Ласкар запнулся на полуслове. Подумав, сказал:
– Вы правы. Не следует. Но вам-то, Памела…
– Я чужой человек.
И тогда он сказал тихо, но внятно:
– Ошибаетесь. Вы не чужой человек. Для меня вы совсем не чужая. Разве вы этого не замечаете, Памела?
Он подошел к ней и взял за руку. Памела сидела, опустив голову. Он не видел ее лица, ее глаз. Он не знал, что делать, стоял, боясь каким-нибудь неловким словом или жестом спугнуть напряженную тишину или обидеть Памелу.
Она не отнимала своей руки. И вдруг подняла голову, посмотрела на Ласкара и прижала его теплую руку к своей щеке. В глазах ее заблестели слезы.
– Памела… - тихо сказал он.
– Не надо.
– Она поднялась.
– Не надо, Ласкар.
И обойдя его, быстро вышла из комнаты.
Это был первый случай за весь курс лечения, когда доктор Памела Гривс пропустила время процедуры для больного.
Она так и не появилась в этот день.
Но скучать Ласкару не пришлось.
Раздался звонок, хлопнула дверь, и приятный баритон известил хозяина о приходе Ганса Хеллера.
Хеллер заметил, что Долли рассеян, что его обязанность как гостя и друга расшевелить физика, и поэтому предложил прогуляться и поужинать в ресторане.

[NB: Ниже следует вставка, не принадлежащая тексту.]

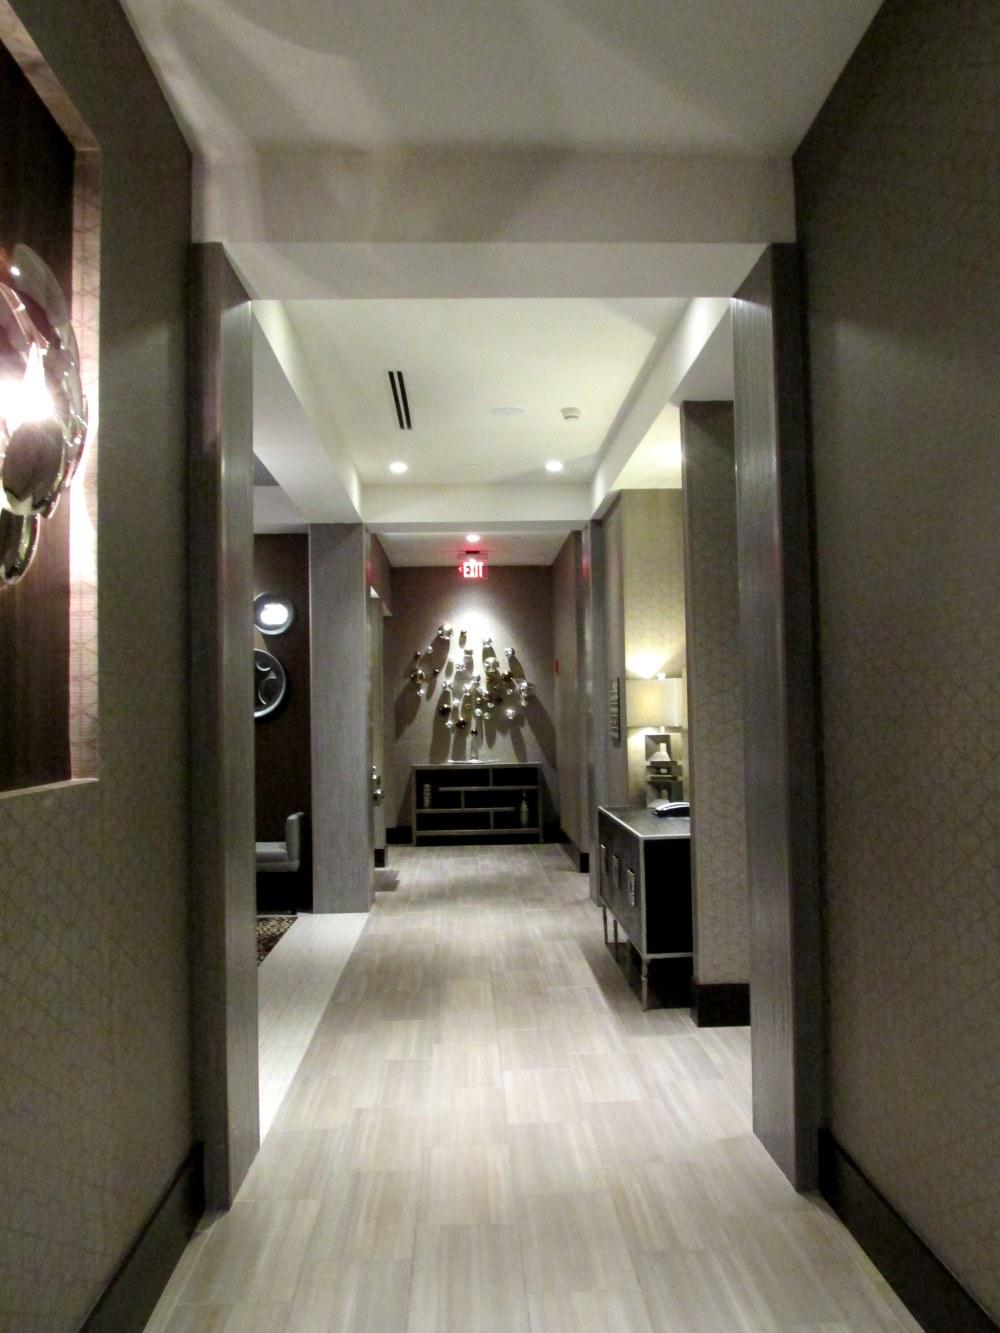 HamptonInn&SuitesHotelhallwayPortsmouthNH28Nov2014

– Как ты на это смотришь, старина? Пригласим Памелу, позвоним Карелу и его супруге и устроим отличный ужин, а?
Ласкар кивнул довольно безразлично. Хеллер уселся поближе к телефону и позвонил Карелу. Биолог поблагодарил и… отказался: очень занят.
– Черт возьми!
– Хеллер с сердцем бросил трубку.
– Хорошо, тогда мы втроем…
Комната Памелы оказалась закрытой. На стук никто не ответил. Совсем обескураженный, Хеллер пробормотал:
– Это уж слишком!
Когда мужчины выходили из дома, служанка окликнула хозяина. Он извинился перед гостем и вернулся.
– Что такое?
Служанка показала на дверь Памелы. Половинка была чуть приоткрыта. Доктор Гривс стояла за дверью.
– Я не хочу идти, - тихо сказала она.
– Пожалуйста, будьте осторожны с Хеллером, я вас прошу.
Когда Ласкар вернулся, Хеллер сразу заметил, что друг его повеселел. Он даже чуть-чуть улыбался.